One normal schema to store users and their information might look a lot like a relational database, in that you'd have 1 row per user, and store all the attributes as columns & values (age=22, language=french, etc). This works well for the extensibility you mention (you don't need to change any schema in order to store new attributes). With this schema, you could look up any one user (and all of their attributes) by the unique user id. That'd be blazingly fast to do, no matter how many users you have.
However, with that schema, if you want to search in the way you describe ("return all users whose age is 22"), every single query is going to end up being a scan of the entire table, because HBase only allows you to access things via their primary key; it does not have secondary indexing of any kind. That will be extremely inefficient (picture having to scan a million rows every time you want to do any single query).

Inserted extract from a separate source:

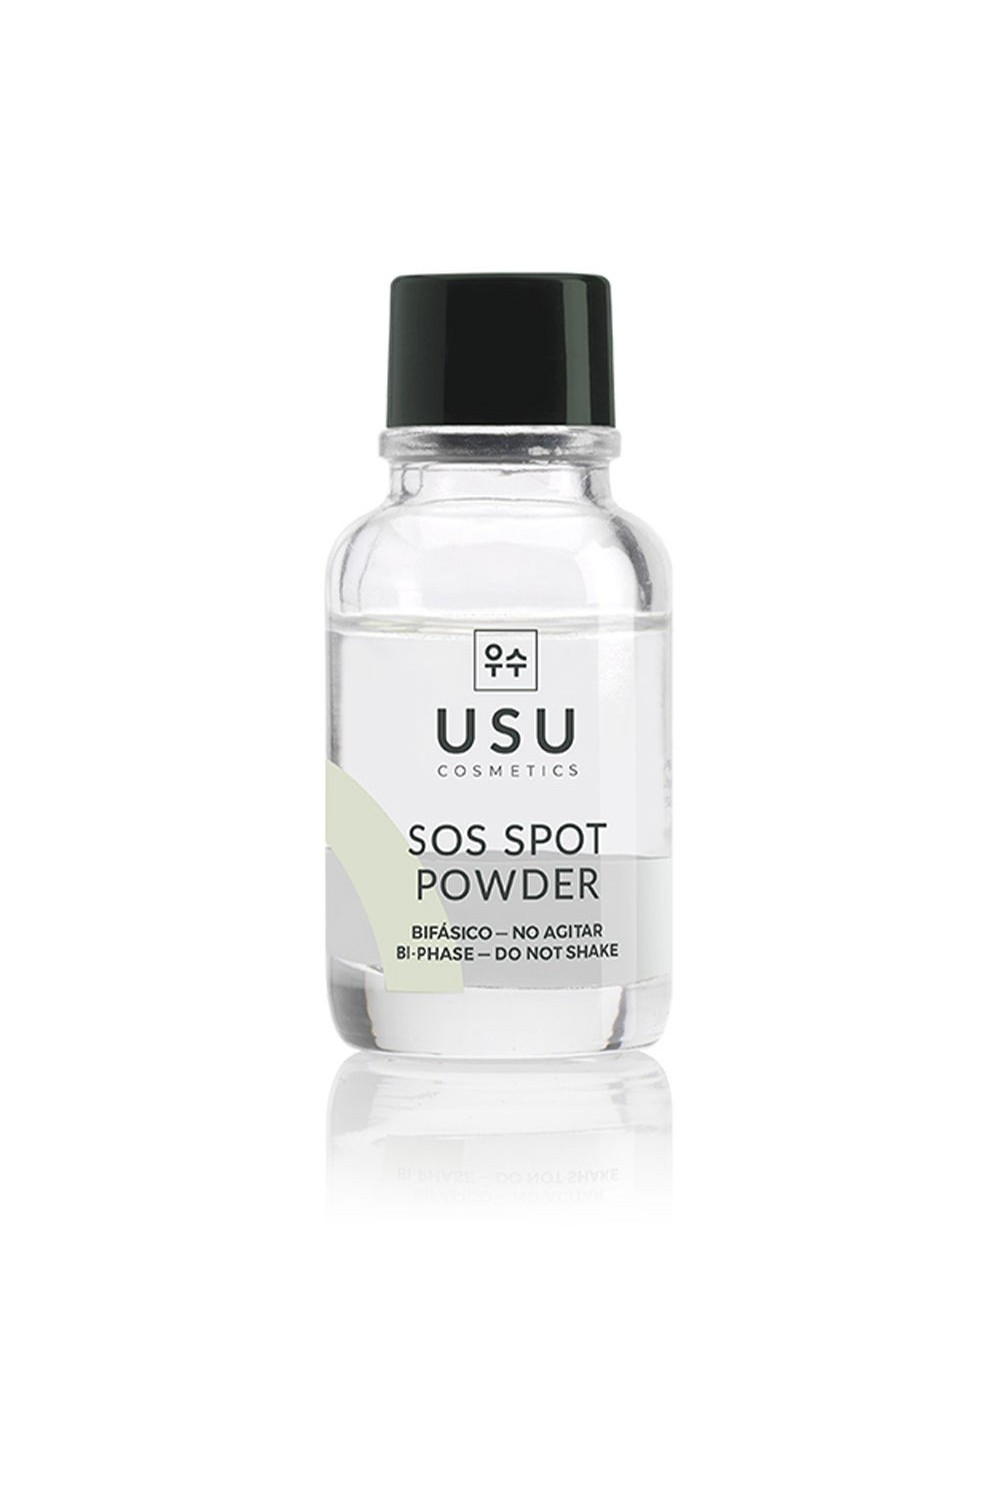 Usu Cosmetics Sos Spot Powder 18g

How to fix this? You could "reverse" the ordering of the data and put the values in the row key and then point to all the users with that value. For example, the row key could be "age:22", and then in the columns of the row could be all the userids that are age 22. This is problematic for a lot of reasons, not least of which is that it will be extremely expensive and tricky to make updates. But it would perform well for those specific queries.
The trick? That's exactly what a search index (like Lucene) does, and it does it much better than you could by rolling your own with HBase. That sounds like the tool you want to be using here.
If you must use HBase (as you say, since it's a research project) it might be worth looking into using HBase and Lucene together; google that for pointers.